Create filename.ext.sample files with templates inside (probably filled with dummy data), which need to be copied and filled with actual data in the particular working directory.
That is what I usually do ;-)
Zerkms' solution is fast, easy, and clean, and likely your best bet for preventing secure content from being tracked / published; however as you say, "If it’s not in source control, it doesn’t exist." I find that far more often what I'm trying to keep out of source control is not a security concern, but simply a configuration setting.
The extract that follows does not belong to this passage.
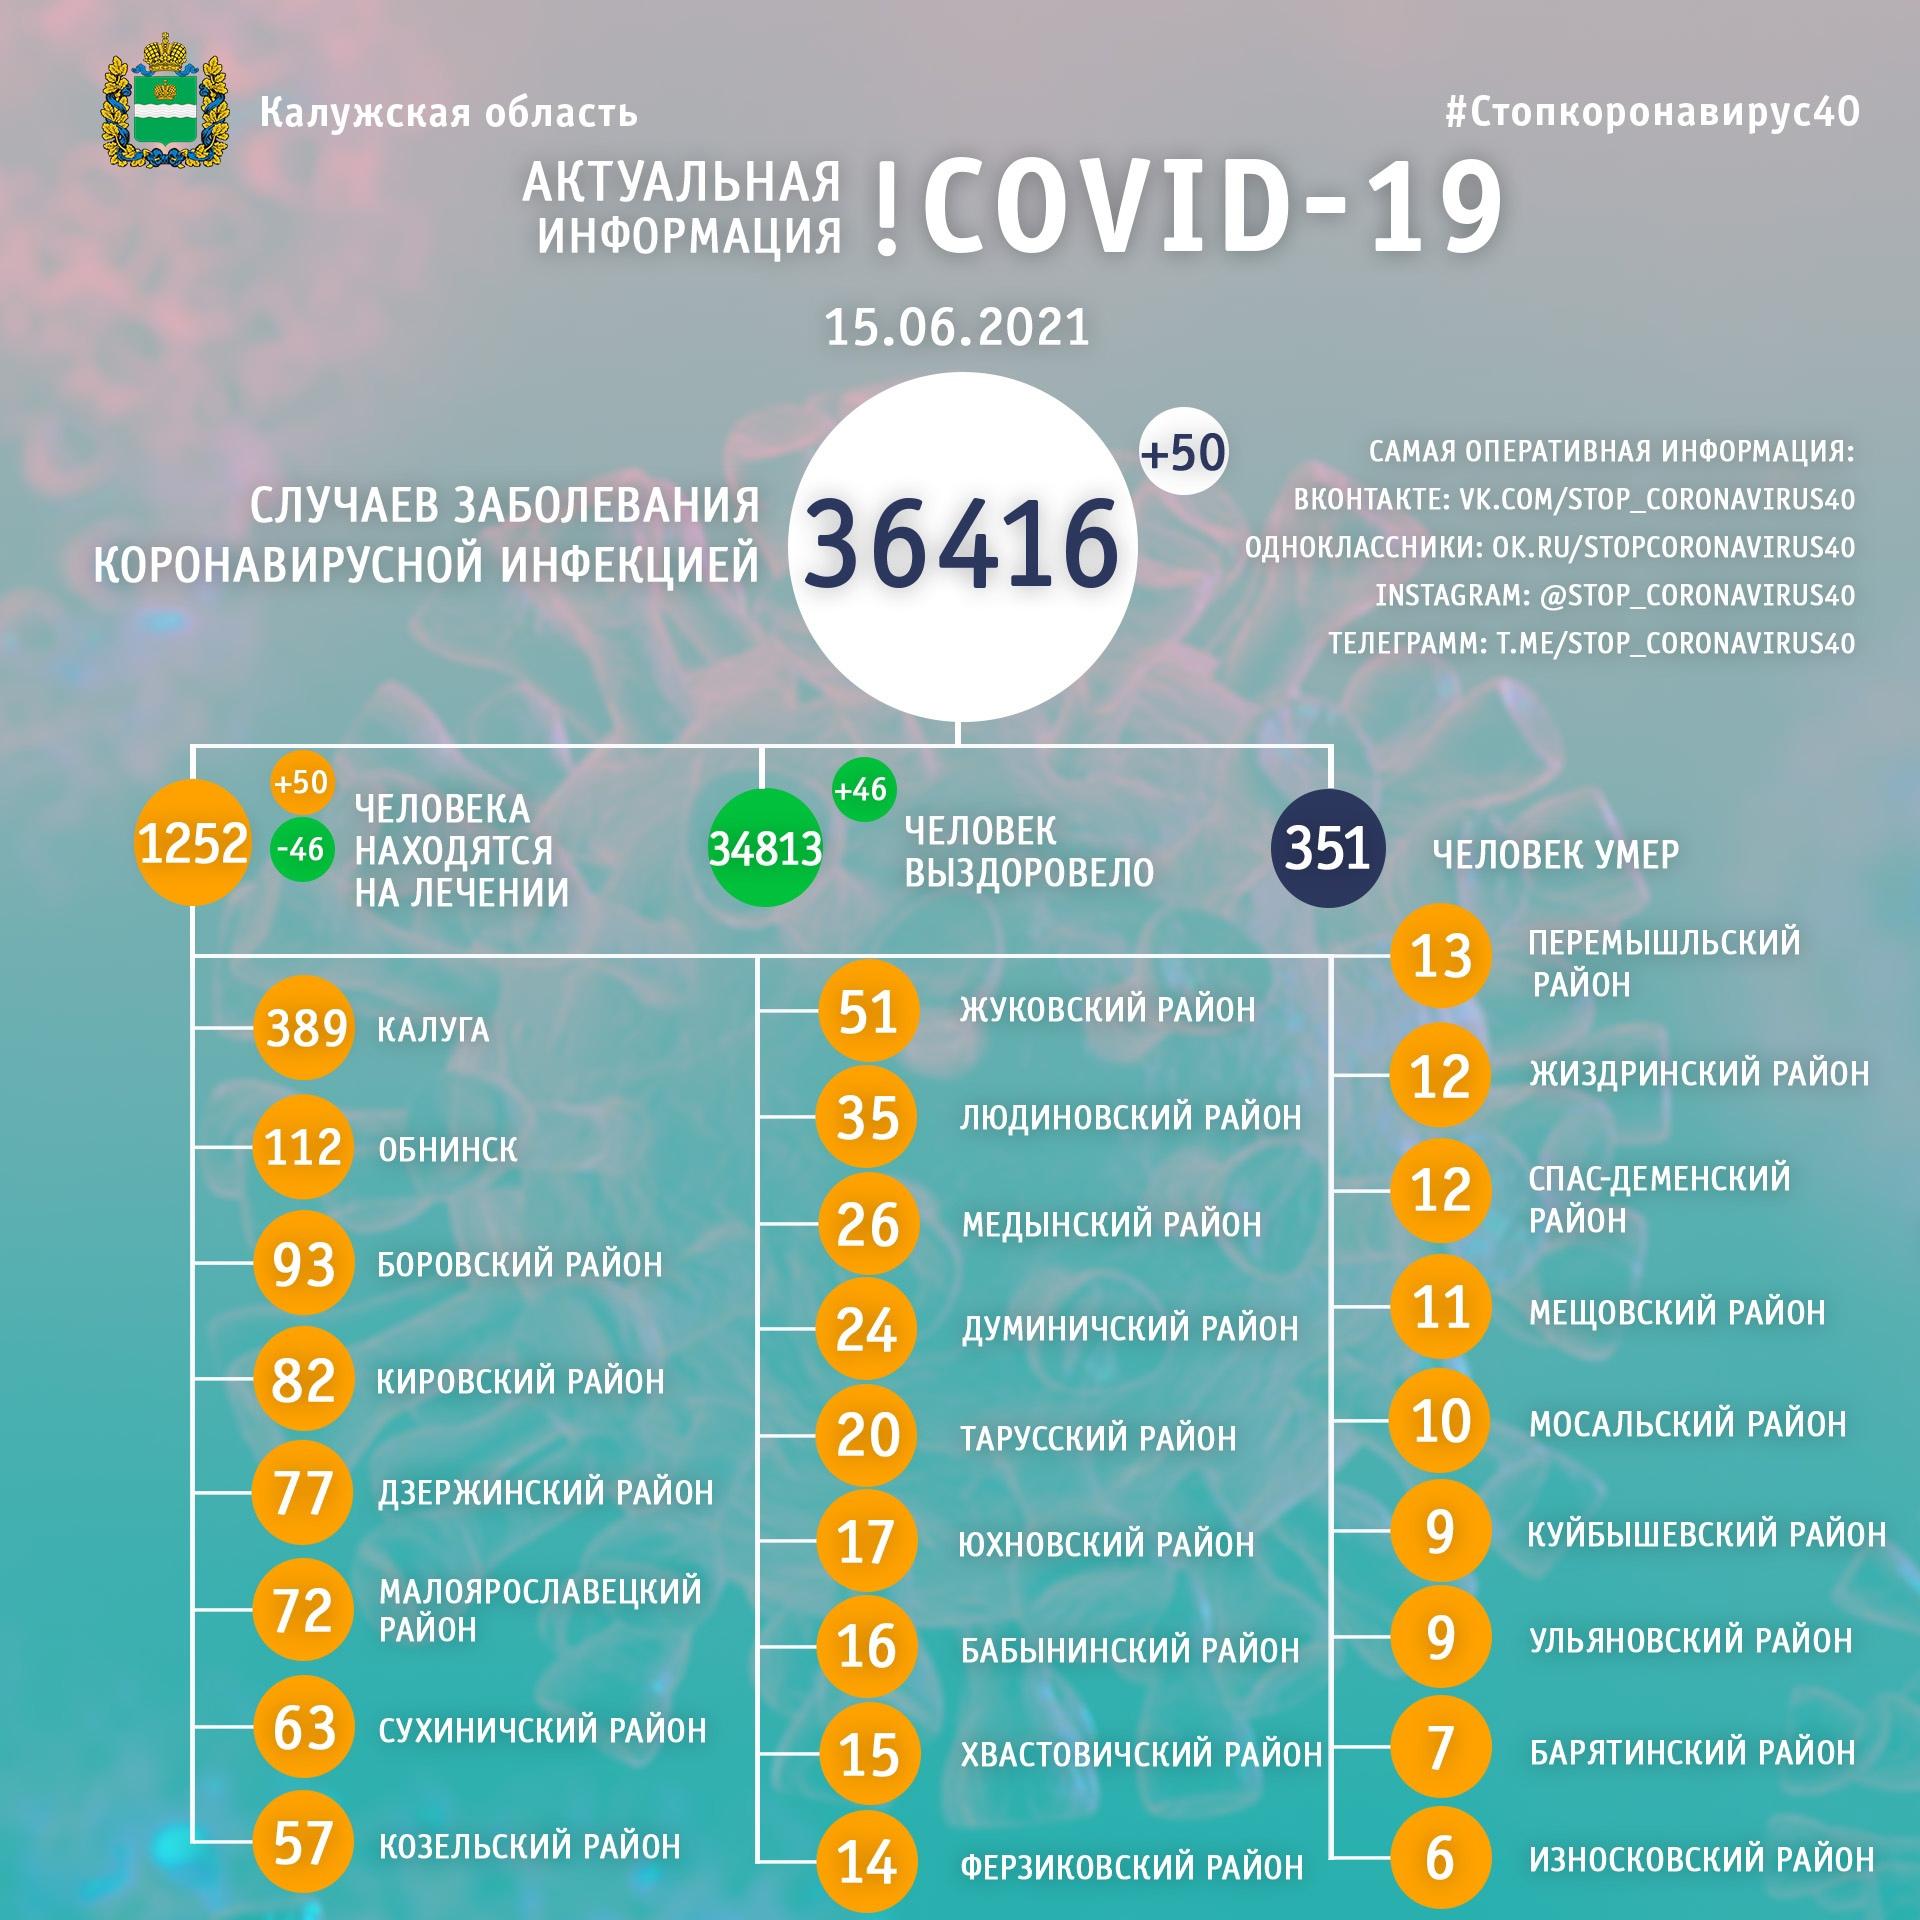 Официальная статистика по коронавирусу в Калужской области на 15 июня 2021 года.

I believe these should be tracked, and my current employer has a rather clever setup for dealing with this, which I'll attempt to simplify / generalize / summarize here.
REPOSITORY
code/
...
scripts/
configparse.sh
...
config/
common.conf
env/
development.conf
testing.conf
production.conf
users/
dimo414.conf
mycoworker.conf
...
hosts/
dimo414-laptop.conf
dimo414-server.conf
mycoworker-laptop.conf
...
local.conf*
makefile
.conf*
* untracked file
Hopefully the idea here is pretty clear, we define settings at each appropriate level, enabling highly granular control of the codebase's behavior in a logical and consistent fashion.
The scripts/configparse.sh script reads all the necessary configuration files in turn and builds .conf out of all the settings it finds.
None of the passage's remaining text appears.